Still, two years after he came up with the idea he has a provisional museum charter from the state and a nonprofit status from the IRS. He's driven by corruption.

"I want to put it in this museum. I want it to be laughed at, and I want people to learn about it," he says.

In fact, he's even held the museum's first board meeting in his own dining room.

"I am pleased to call to order this meeting of the board of trustees of the Museum of Political Corruption," he said on a recent afternoon.

Lawyers, professors and other professionals recently gathered for lunch and discussed their progress so far.

"We've opened our museum store online, where you can purchase items such as kickbacks and perhaps someday a Preet Bharara action figure," he says, drawing laughter from the group with his reference to one of the U.S. attorneys in New York who's been called the state's "anti-corruption crusader." "Indictments to be sold separately."

Roter also plans to build a "Lobby of Lobbyists" and "Tammany Lecture Hall" inside the museum.

"We're going to have the Cozy Crony Cafe, and we're going to have a cookbook entitled 'How to Cook Your Books' Cookbook," he explains.

Puns aside, museum board member Frank Anechiarico — who teaches government at Hamilton College — says he hopes this museum will appeal to young visitors.
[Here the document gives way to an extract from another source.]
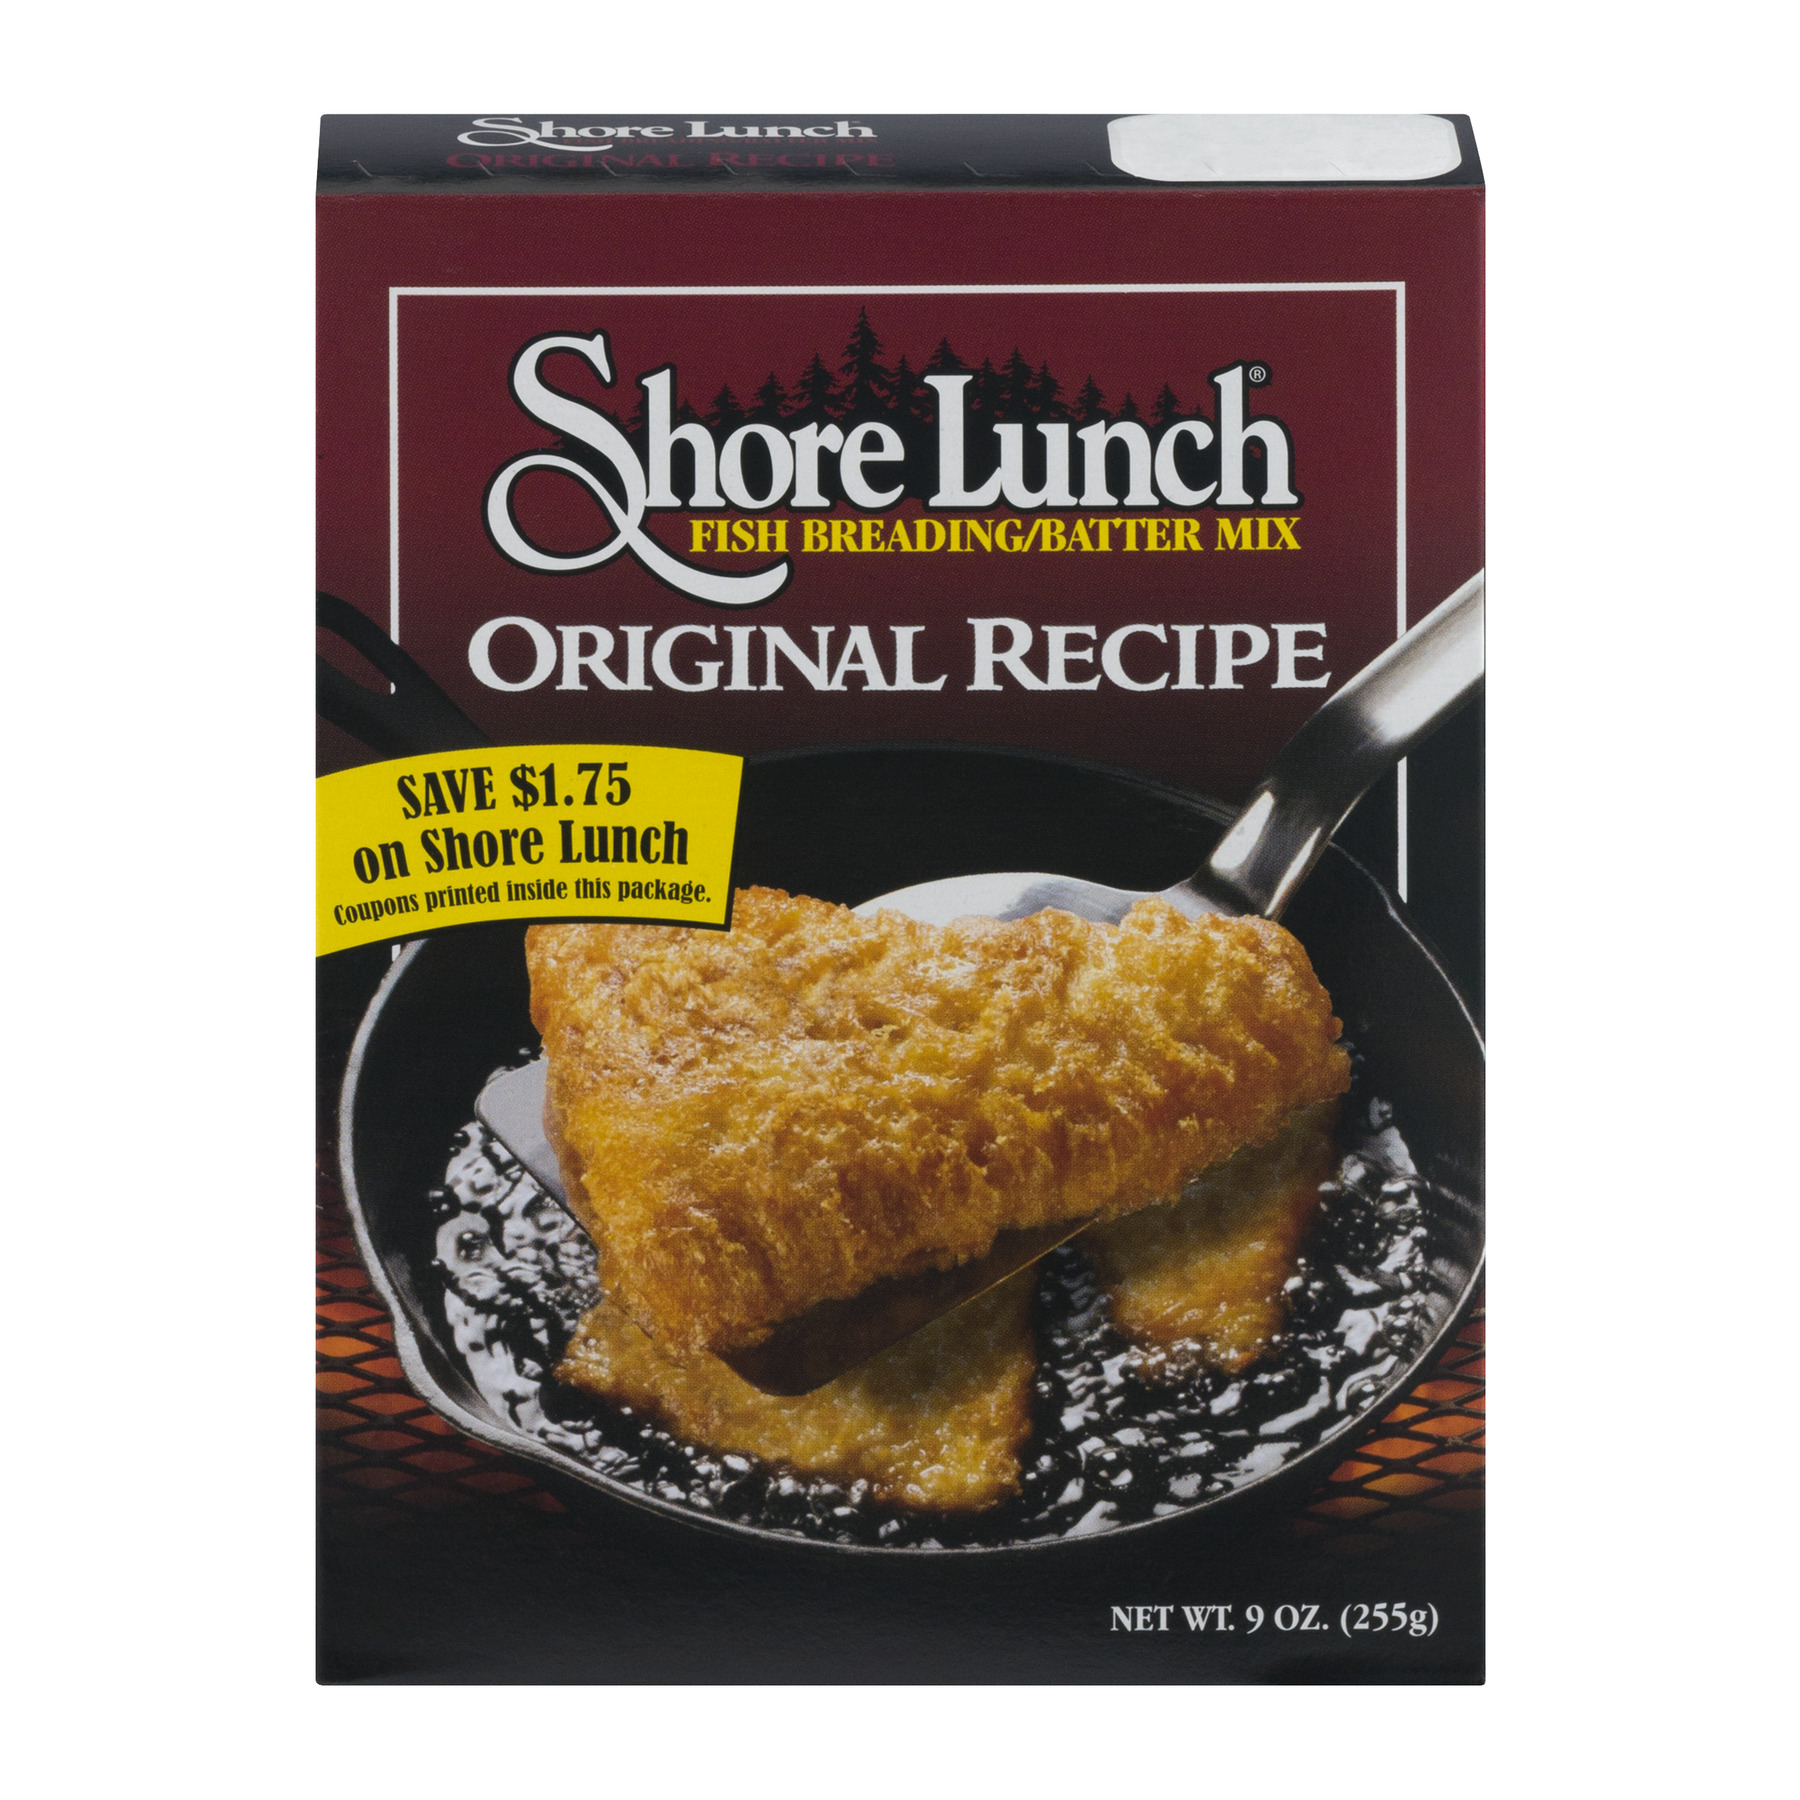 Shore Lunch Fish Breading/Batter Mix Original Recipe, 9.0 OZ

"When you grow up in this country you start paying taxes," Anechiarico says. "And those taxes are supposed to be used to benefit you in particular ways. And here's how those taxes become actual government services. And here's what can go wrong. And here's what we need to watch out for as citizens."

The museum's organizers say they want people to leave the museum feeling less jaded about politicians.

Donna Kuba serves on the board and designs museum exhibitions.

"I personally believe and hope that most politicians don't go into this politics with the idea of being corrupt," she says. "But somehow or another, the process helps temptation."

The Museum of Political Corruption is set to open in 2019, according to Roter.